J Sep Sci. 2014 Apr;37(8):920-6. doi: 10.1002/jssc.201301367. Epub 2014 Mar 20.

Abstract

Maltol, ethyl maltol, vanillin, and ethyl vanillin are important food additives as flavor enhancers. To quantify the four additives in milk powder, a novel 2D liquid chromatographic (2DLC) method was developed in this article. In such a 2DLC system, the target fractions eluted from the first dimensional column (C4) are stored onto the trapping column (C8) for subsequent analysis; after that, they were switched into the second dimensional column (C18) by a two-position six-port switching valve. A one-step sample preparation method was used prior to 2DLC chromatographic analysis, which was easy and convenient. After optimization of all experimental parameters, the new method was validated in terms of linearity, LODs, and LOQs, intra- and interday precision, and accuracy. A conventional single-dimensional liquid chromatographic method was also proposed in this work for comparison. In order to evaluate the applicability of the new 2DLC method, five brands of commercial milk powder samples (n = 8) were analyzed. Vanillin and ethyl vanillin were detected in two samples, respectively.
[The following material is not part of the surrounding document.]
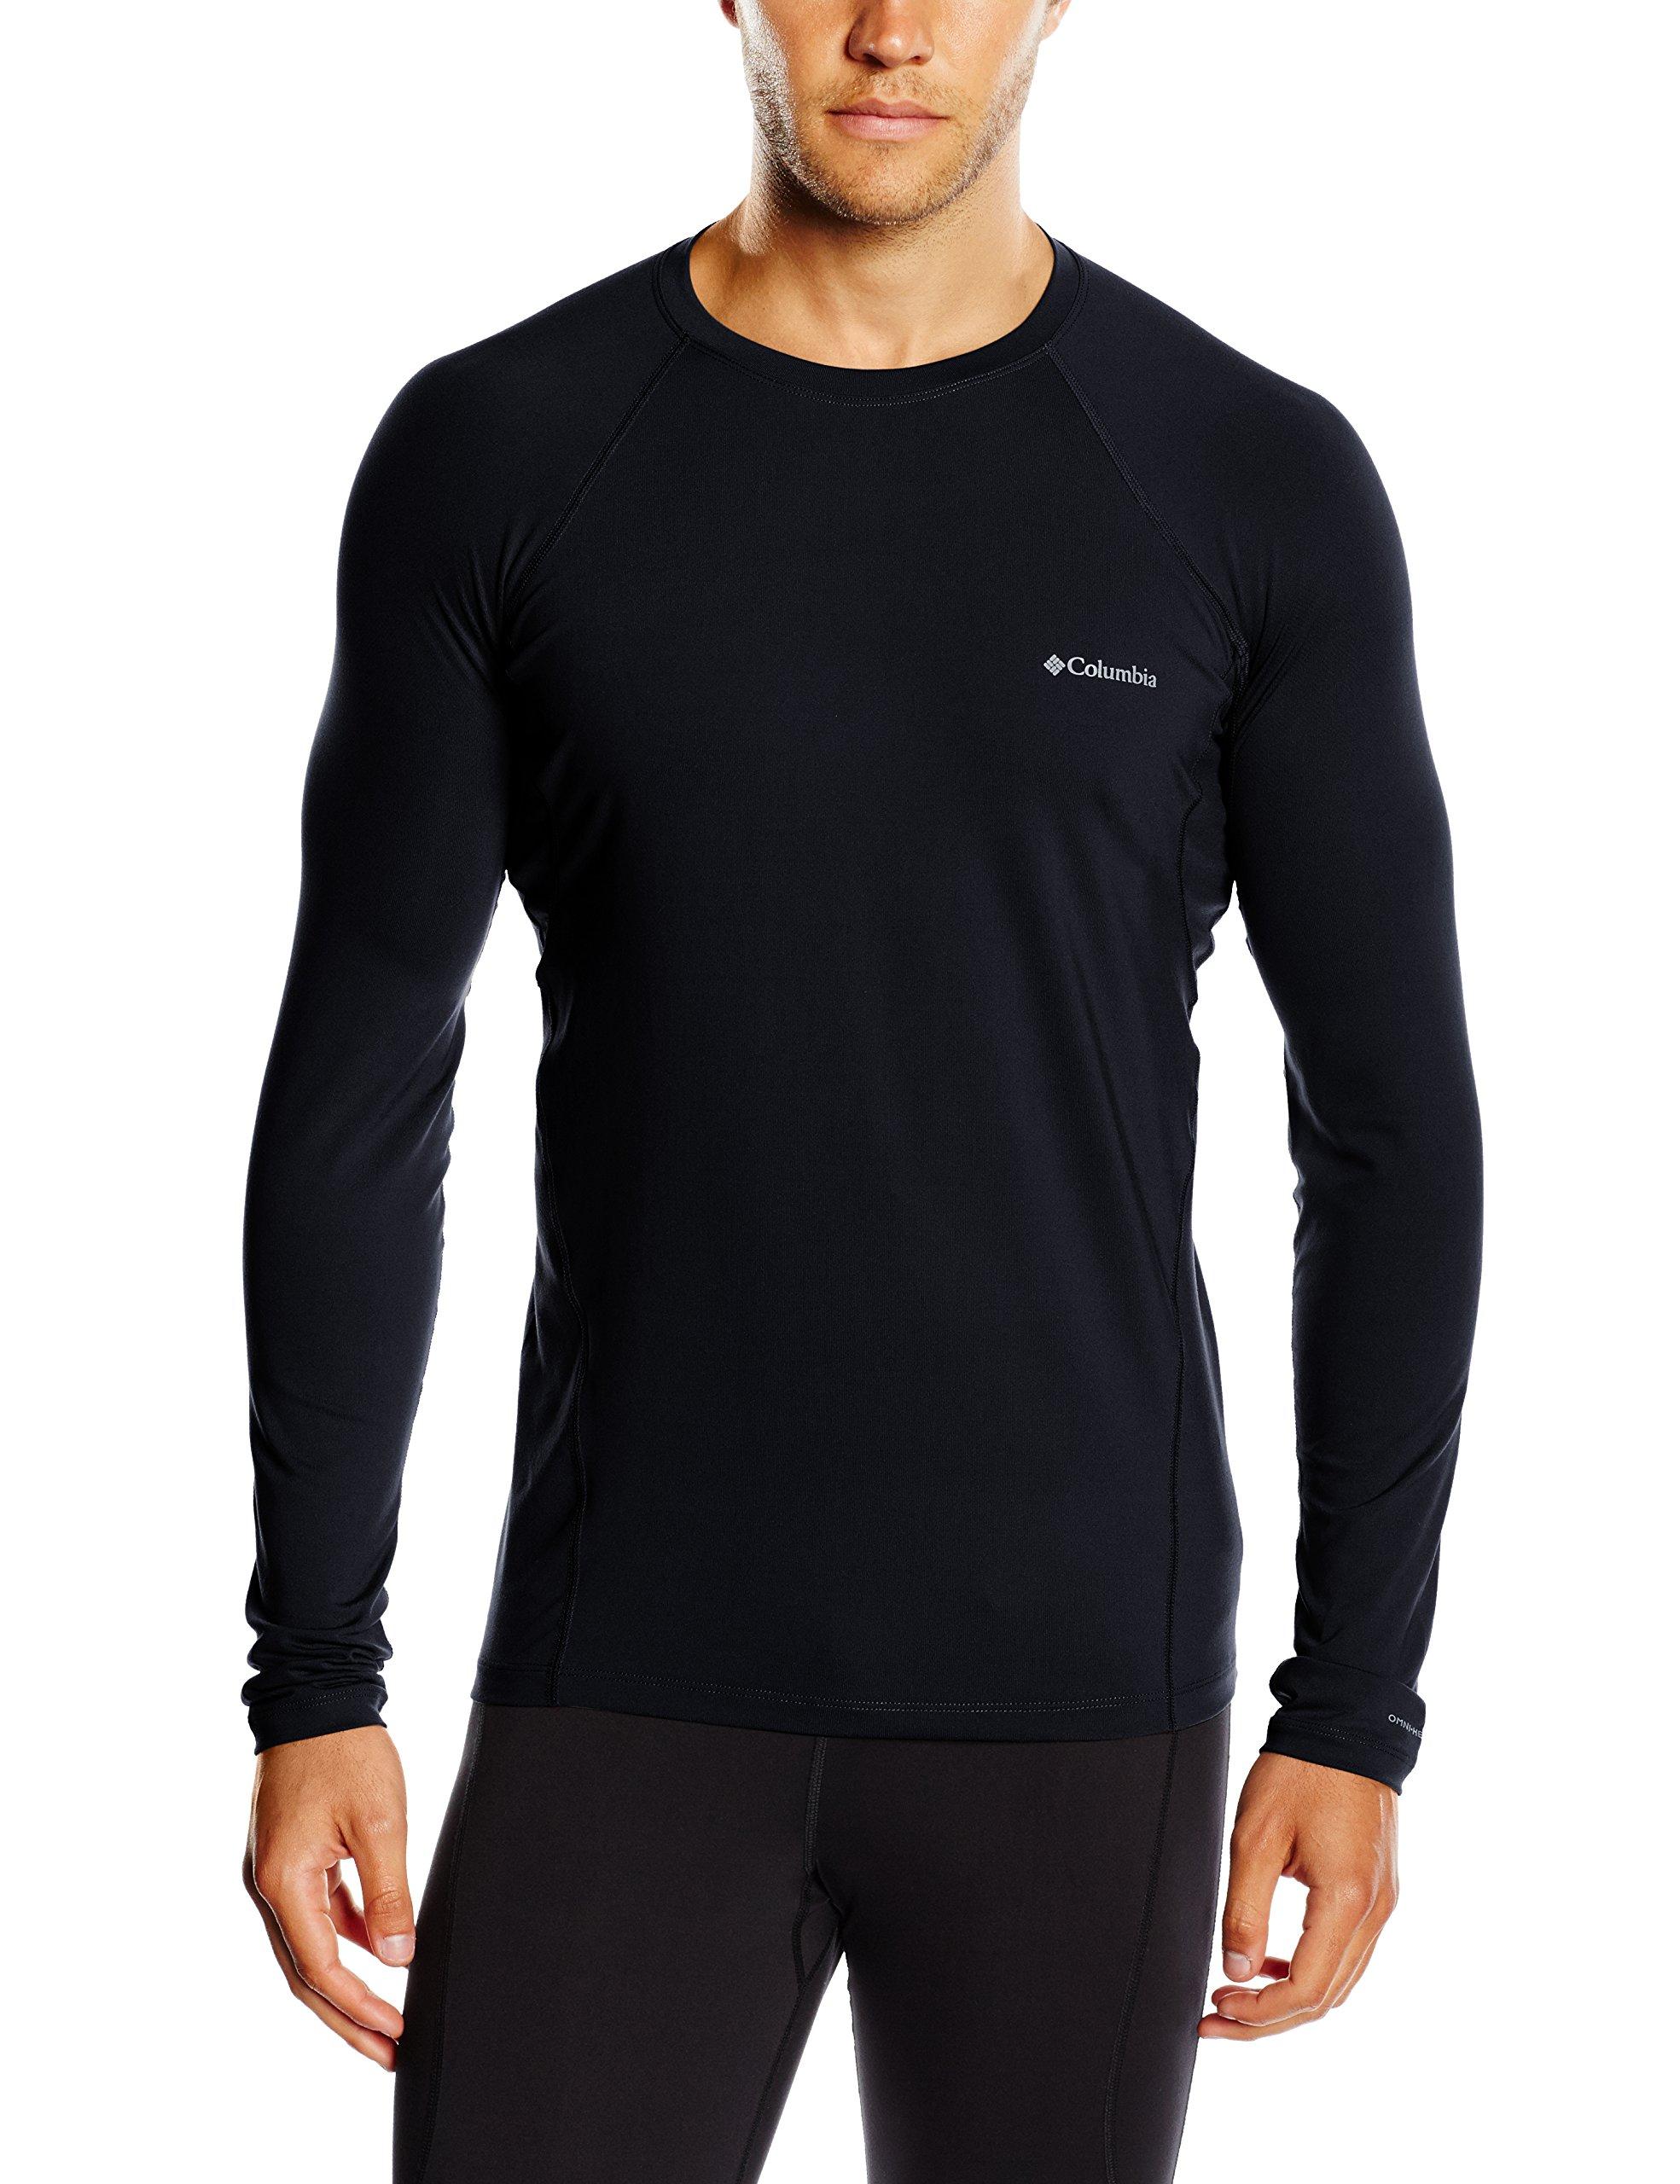 Mejor valorados en Camisetas térmicas para hombre   Opiniones útiles ... c31ceddde198

It is showed that the 2DLC method is effective in quality control programs of milk powder products.

摘要

麦芽酚、乙基麦芽酚、香兰素和乙基香兰素是重要的食品添加剂,用作增味剂。为了定量奶粉中的这四种添加剂,本文开发了一种新型二维液相色谱(2DLC)方法。在这种2DLC系统中,从第一维色谱柱(C4)洗脱的目标馏分被存储到捕集柱(C8)上,以便后续分析;之后,通过二位六通切换阀将它们切换到第二维色谱柱(C18)上。在进行2DLC色谱分析之前,使用了一种一步样品制备方法,该方法简便易行。在优化所有实验参数后,对新方法的线性、检测限、定量限、日内和日间精密度以及准确度进行了验证。本文还提出了一种传统的一维液相色谱方法用于比较。为了评估新2DLC方法的适用性,分析了五个品牌的市售奶粉样品(n = 8)。分别在两个样品中检测到了香兰素和乙基香兰素。结果表明,2DLC方法在奶粉产品质量控制程序中是有效的。